Because we know the elemental composition of each peptide and we know the 15N incorporations for both labeled and unlabeled samples, we can predict the shapes of each of these envelopes through binomial expansion. We can then combine these distributions in a range of different proportions, creating a library of predicted envelopes of known heavy to light ratios (Fig. 4, part 4). Note that these composite distributions have a distinct shape from the distributions that result when the 15N is uniformly distributed throughout all forms of the same peptide in a sample. In practice we included ratios across 4 orders of magnitude in our library for each peptide, ranging from 100:1 to 1:100. We also included the envelopes expected from the labeled or unlabeled peptides alone to account for cases where the peptide was only detectable in one sample or the other.

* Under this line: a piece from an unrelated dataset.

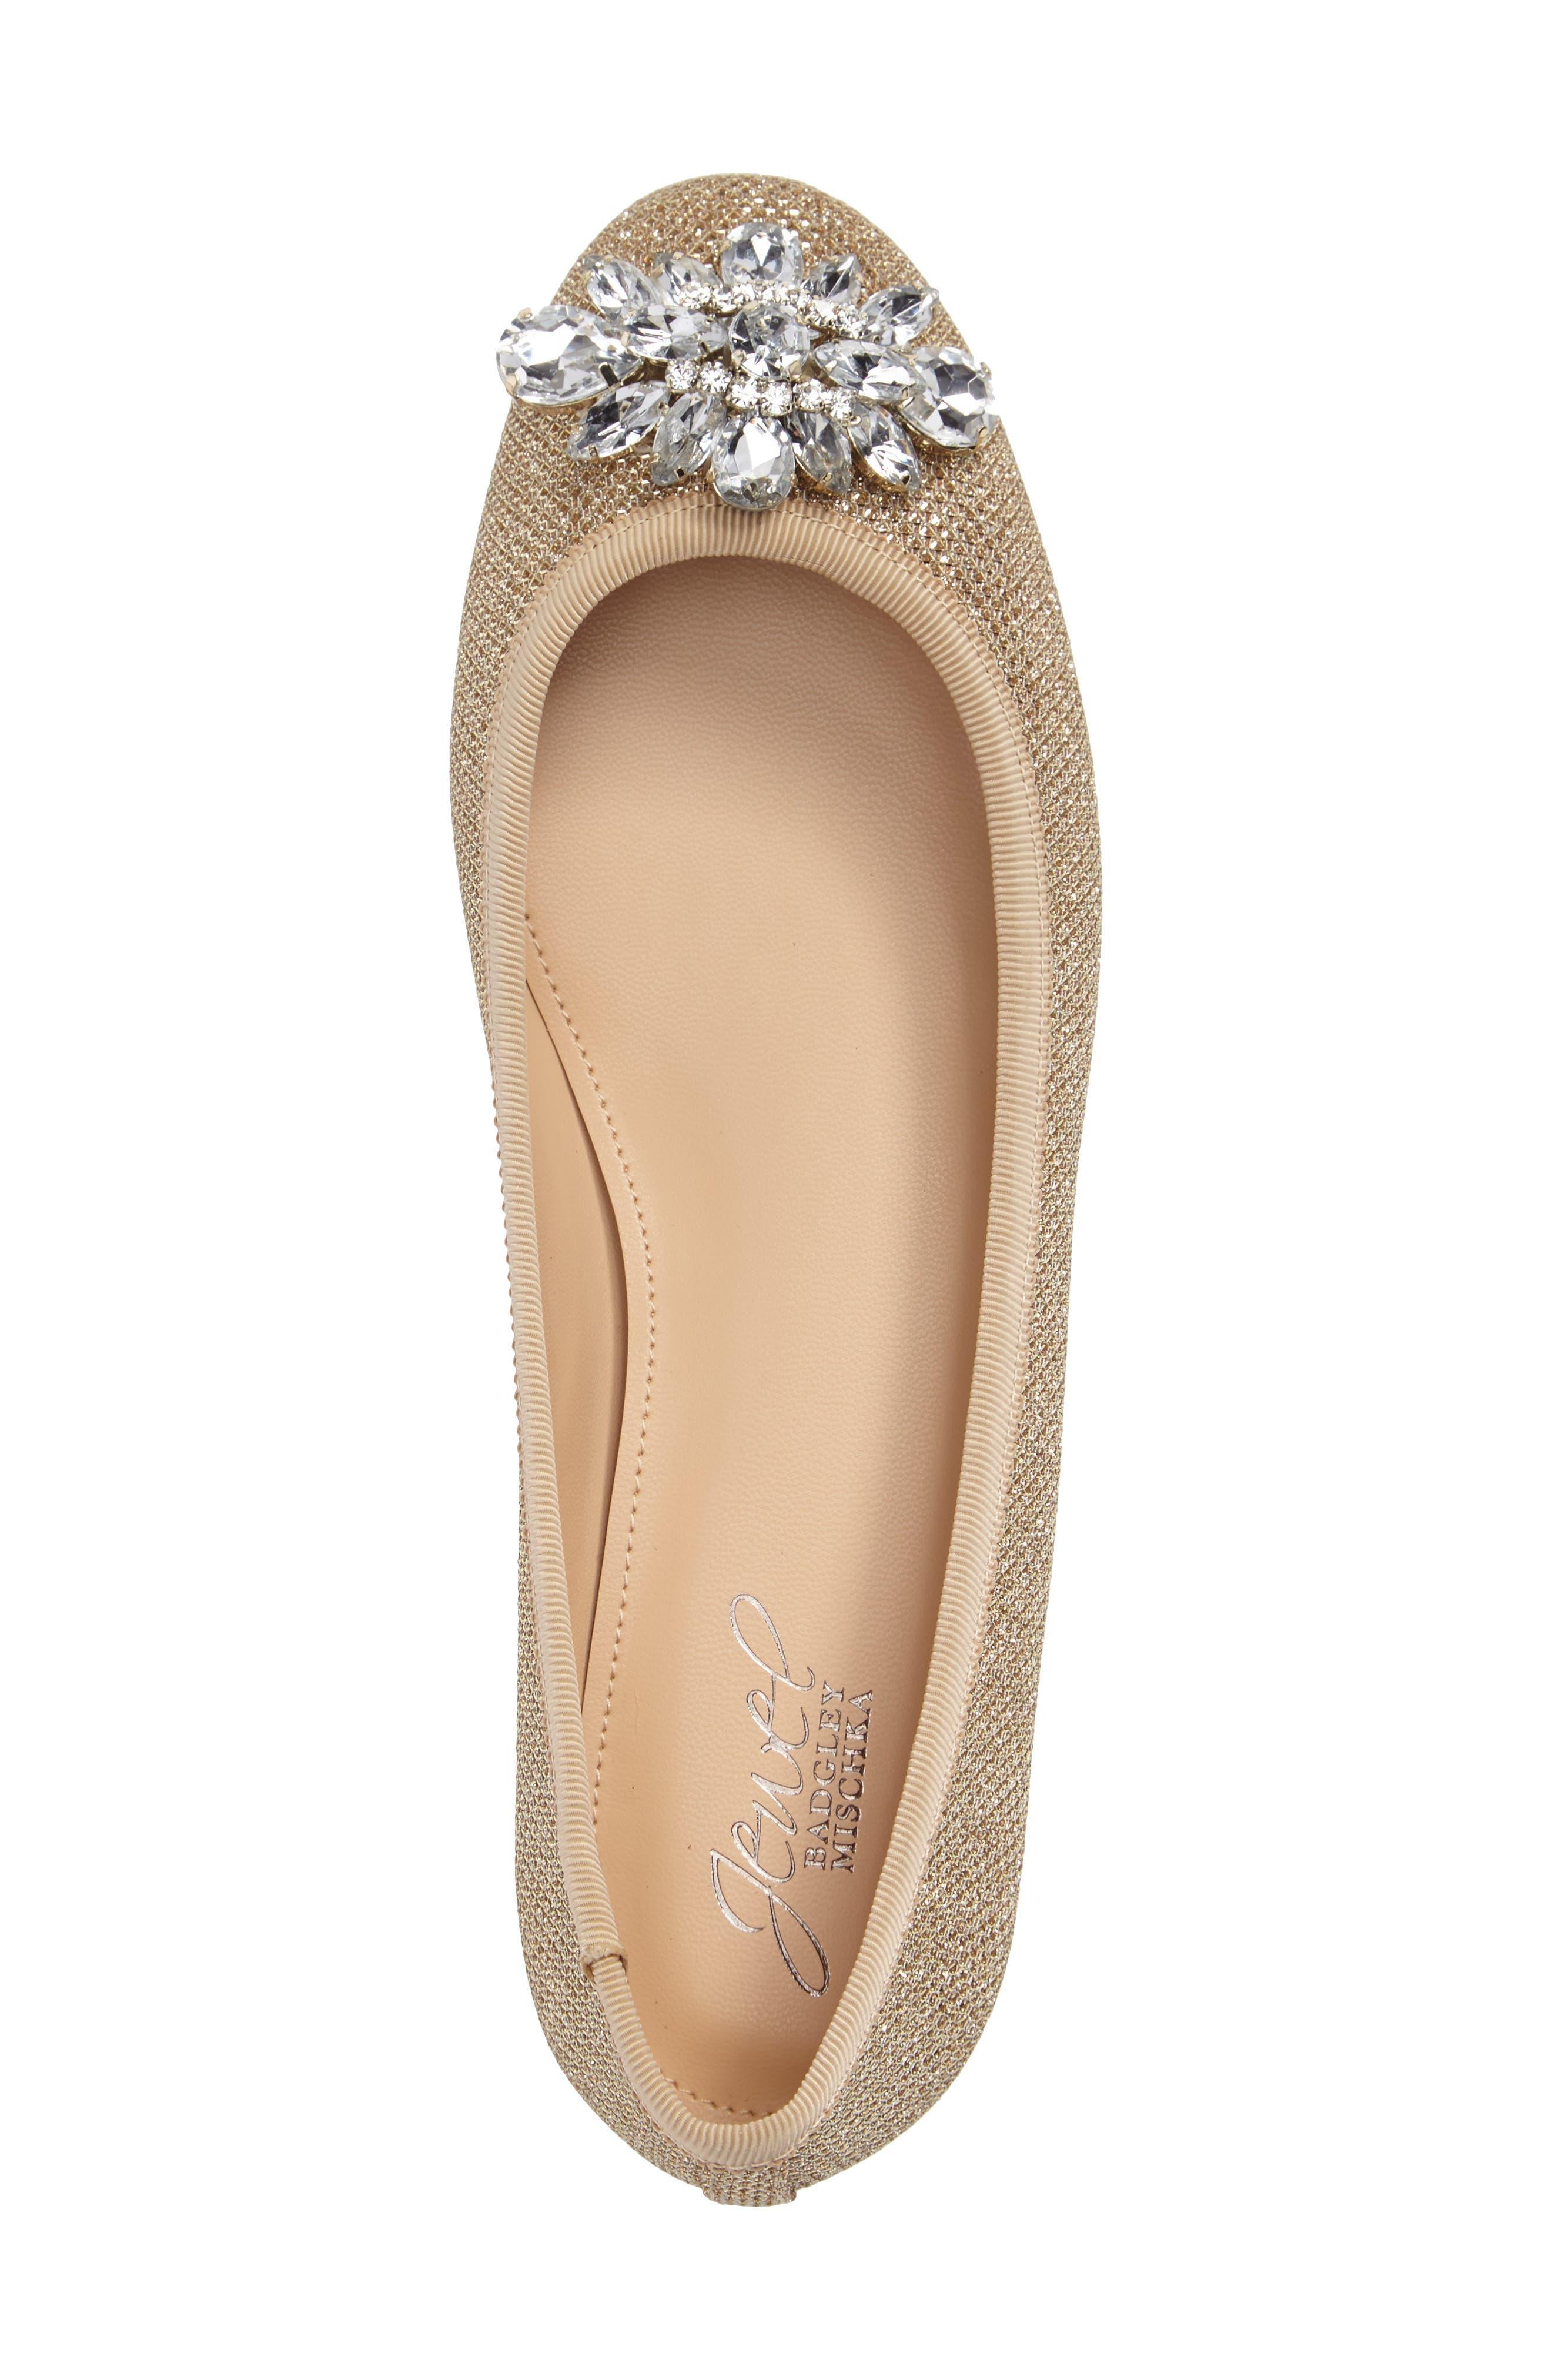 Cabella Embellished Ballet Flat,                             Alternate thumbnail 3, color,                             GOLD FABRIC

All isotopic peaks within each distribution in the library are then normalized with respect to the monoisotopic peak for ease of comparison with the observed envelope described earlier.
Finally the observed distribution is compared with each composite envelope in the library via linear regression (Fig. 4, part 5). The best match within the library of predicted envelopes is then selected based on the resulting correlation coefficient and is used as an estimate of the ratio between labeled and unlabeled peptides in the original sample. This comparison of an observed isotopic envelope with a library of predicted envelopes is conceptually similar to an approach used previously for determination of 15N incorporation in metabolically labeled peptides (
In practice a strong correlation is generally seen for the best match between the theoretical and experimental distributions, and these correlations fall quickly for the other theoretical spectra. However, the sharpness of this decline varies depending on the relative contributions of the heavy and light envelopes to the composite distribution. Plotted in Supplemental Fig. 1 are the distributions of correlation coefficients resulting from quantification of a selected peptide at a variety of ratios of heavy to light forms. When the mixing ratio is close to 1:1, the correlation distributions tend to be smooth with a peak at the best matching theoretical spectrum. However, as the ratio approaches all unlabeled or all labeled forms, the distributions of correlation coefficients then assume a sigmoidal shape with the correlation approaching 1.0 asymptotically as the mixing ratio approaches 0 or infinity, respectively.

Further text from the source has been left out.